5. The method for selectively reducing the vanadium-titanium content in vanadium-titanium magnetite concentrate by using the ammonium hydroxide oxidation leaching system according to claim 2, wherein in the step S1, the specific preparation method of the ammonium hydroxide oxidation system composite leaching agent is as follows:

according to the weight portion, 100 portions of clean water is taken as a reference, the clean water is heated to 30-40 ℃ and then is kept warm, 20-30 portions of ammonium salt are added into the clean water, the mixture is stirred until the ammonium salt is completely dissolved, then 50-60 portions of ammonia water and 0.5-10 portions of oxidant are added, and the mixture is naturally cooled after being stirred.

6. The method for selectively reducing the vanadium-titanium content in vanadium-titanium magnetite concentrate by using the ammonia-ammonium oxidation leaching system according to claim 5, wherein the concentration of the ammonia water is 0.5-35 wt%.

7. The method for selectively reducing the vanadium-titanium content in the vanadium-titanium magnetite concentrate by using the ammonium hydroxide oxidation leaching system according to claim 1, wherein in the selective alkaline hydrolysis leaching reaction of step S2, the reaction temperature is 20-200 ℃, and the reaction time is 0.5-720 h.

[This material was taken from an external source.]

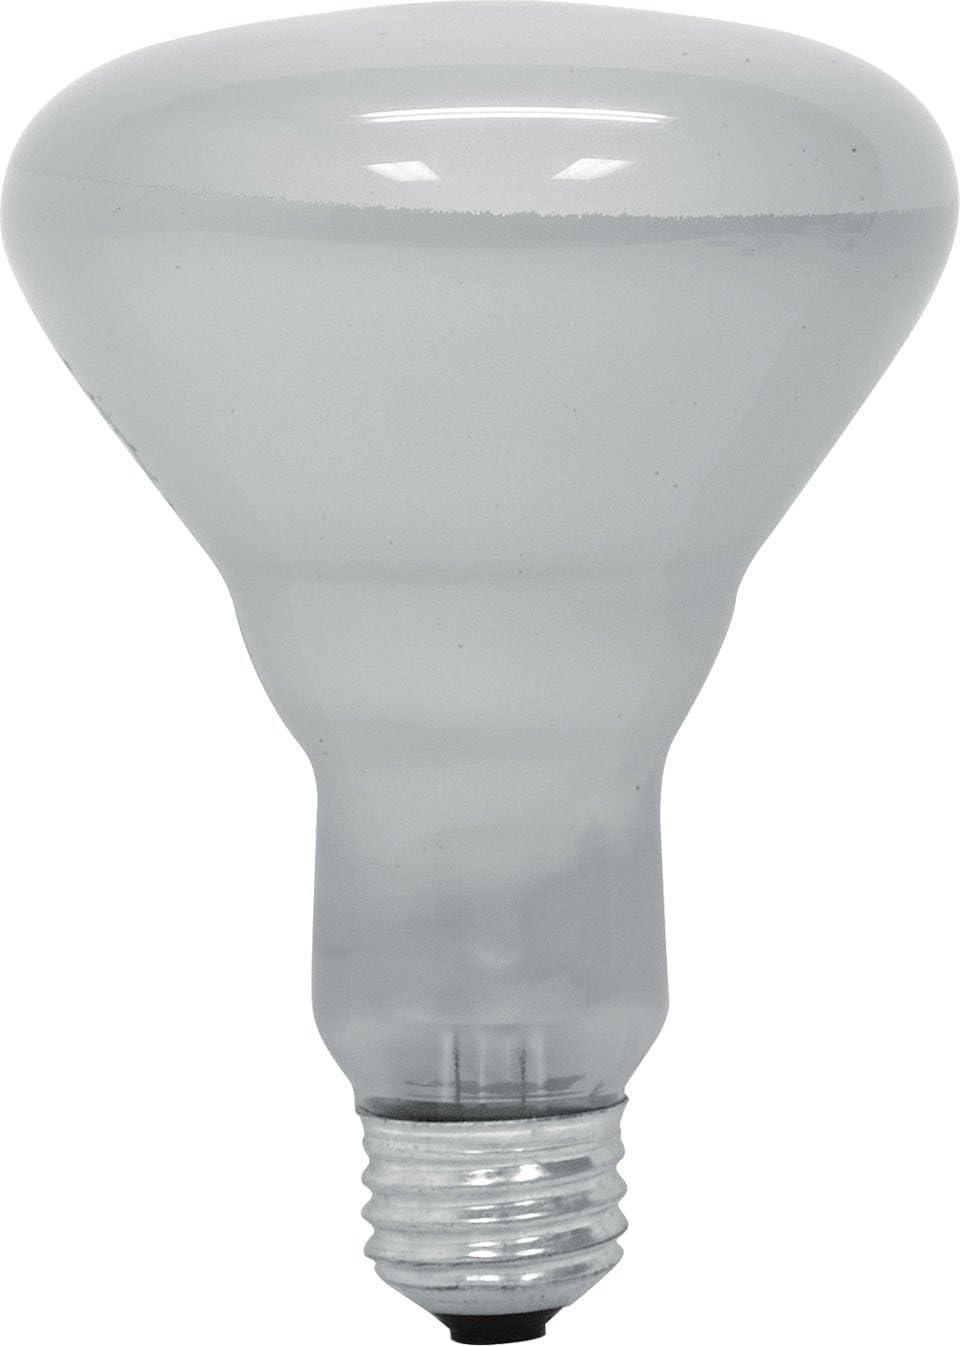 120V 65W GE Lighting 20996 Medium Base BR30 Reflector Plant Floodlight Bulb

8. The method for selectively reducing the vanadium-titanium content in vanadium-titanium magnetite concentrate by using the ammonium hydroxide leaching system according to claim 1, wherein in step S2, the weight ratio of the mineral to the ammonium hydroxide leaching system composite leaching agent is 1: (1-10).

9. The method for selectively reducing the vanadium-titanium content in vanadium-titanium magnetite concentrate by using the ammonium hydroxide oxidation leaching system according to claim 8, wherein the weight ratio of the minerals to the ammonium hydroxide system composite leaching agent is 1: (1-5).

10. The method for selectively reducing the vanadium-titanium content in vanadium-titanium magnetite concentrate by using the ammonia ammonium oxidation leaching system according to claim 1, wherein the TFe content of the ore is 45-60% and TiO is selected in step S2₂9-20% of SiO₂2-10% of Al₂O₃The content is 2-10%.